Rather than bringing closure to families, Ruyters said, such laws in practice risk extending their trauma by “holding out the carrot” for murderers right up until their parole, potentially encouraging them to provide false information that sends investigators on futile expeditions .
Besides potentially wasting police resources and prolonging trauma for families, Ruyters said the law removes offenders’ ability to reenter society, which is “the whole purpose of parole.”
In the case of a wrongful conviction, Ruyters said, “they cannot possibly give the authorities any information”. She believes Keli Lane, who would remain in prison for another four years and seven months if she is denied parole in 2024, is among that cohort.
“There’s no evidence of a death, let alone evidence of a body. So it’s impossible for people like Keli [to reveal the location of remains] and certainly Lindy Chamberlain before her,” she said.
Besides Lane, there are a handful of other convicted murderers in NSW who may find any bid for parole complicated by the introduction of Lyn’s law.
James Hachem, 36, has yet to be sentenced for the 2019 murder of Samah Baker, for which he was convicted in July. Police believed she may have been in bushland near Goulburn, but a body was never found.

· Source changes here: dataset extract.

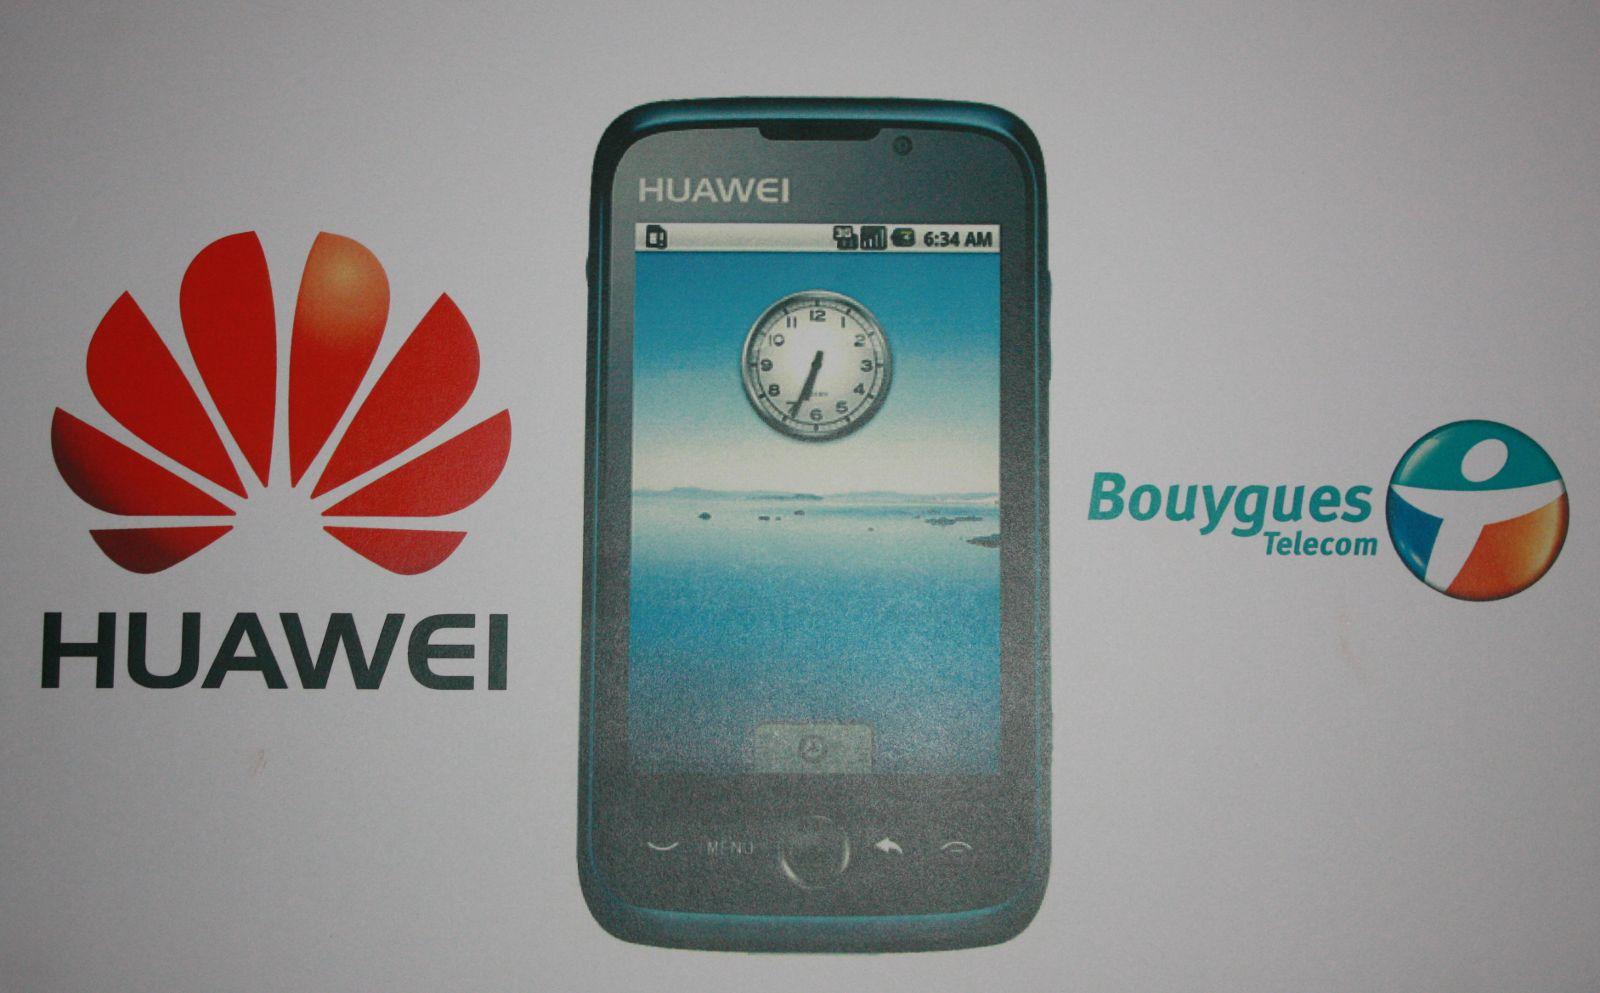 Lancement du Huawei 8230 avec Bouygues Telecom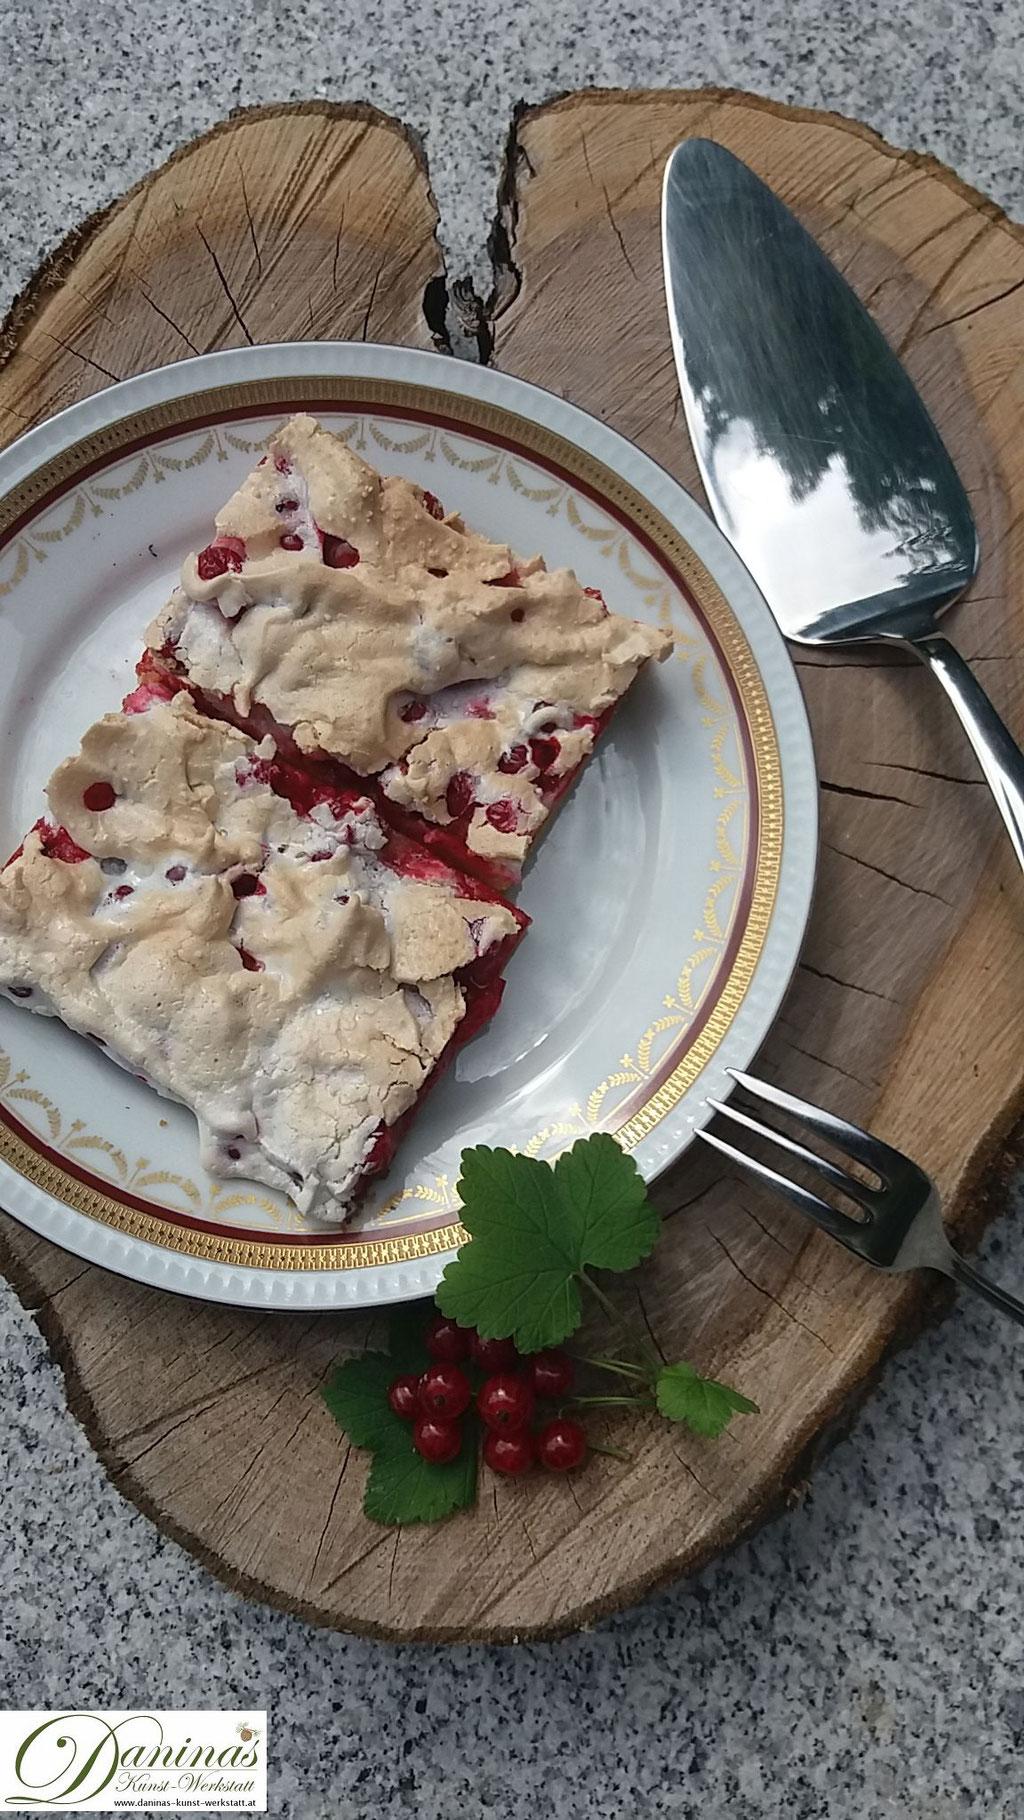 Ribiselkuchen mit Baiser. Rezept mit feinem Mürbeteig.

Robert John Adams will be eligible for parole in 2031 after he was convicted in 2017 of the murder of nurse Mary Wallace in 1983. Wallace’s body was never found despite extensive searches and Judge Richard Button said it was a “sad” abandoned” hope that Adams would ever reveal her whereabouts.
Dubbo man Raymond Roff was sentenced to a minimum of 24 years for murdering his love rival Alois Rez in 2013 and disposing of his body in an undisclosed location. Without parole, he will remain behind bars until 2045, when he will be 85 years old.
Professor Julia Quilter from the University of Wollongong’s School of Law said it was not clear what an accused person had to gain by cooperating, particularly if they had long maintained their innocence.
While she could see it being a way for the government to demonstrate “good intentions around trying to help victims,” Quilter questioned its utility beyond being seen to do something.
“It’s a very useful populist line, ‘no body, no parole,’ but how much of a positive effect it will have on families remains to be seen,” she said.
Ruyters said it was “hard not to conclude” that the legislation is more about politics “when you look at how quickly they jumped after the Dawson decision”.
Dawson will return to court for a sentencing hearing on November 11. By then, the new parole law in his victim’s name could have already been passed.
NSW Corrections Minister Geoff Lee will give the bill its second reading to state parliament on Wednesday, and with Labor backing the move in principle, the government expects it to pass as early as October.
On Tuesday, Labour’s correctional services spokeswoman Tara Moriarty said the change was “long overdue” and needed bipartisan support.
“Ore and their loved ones deserve all the support they need to lay their loved ones to rest,” Moriarty said.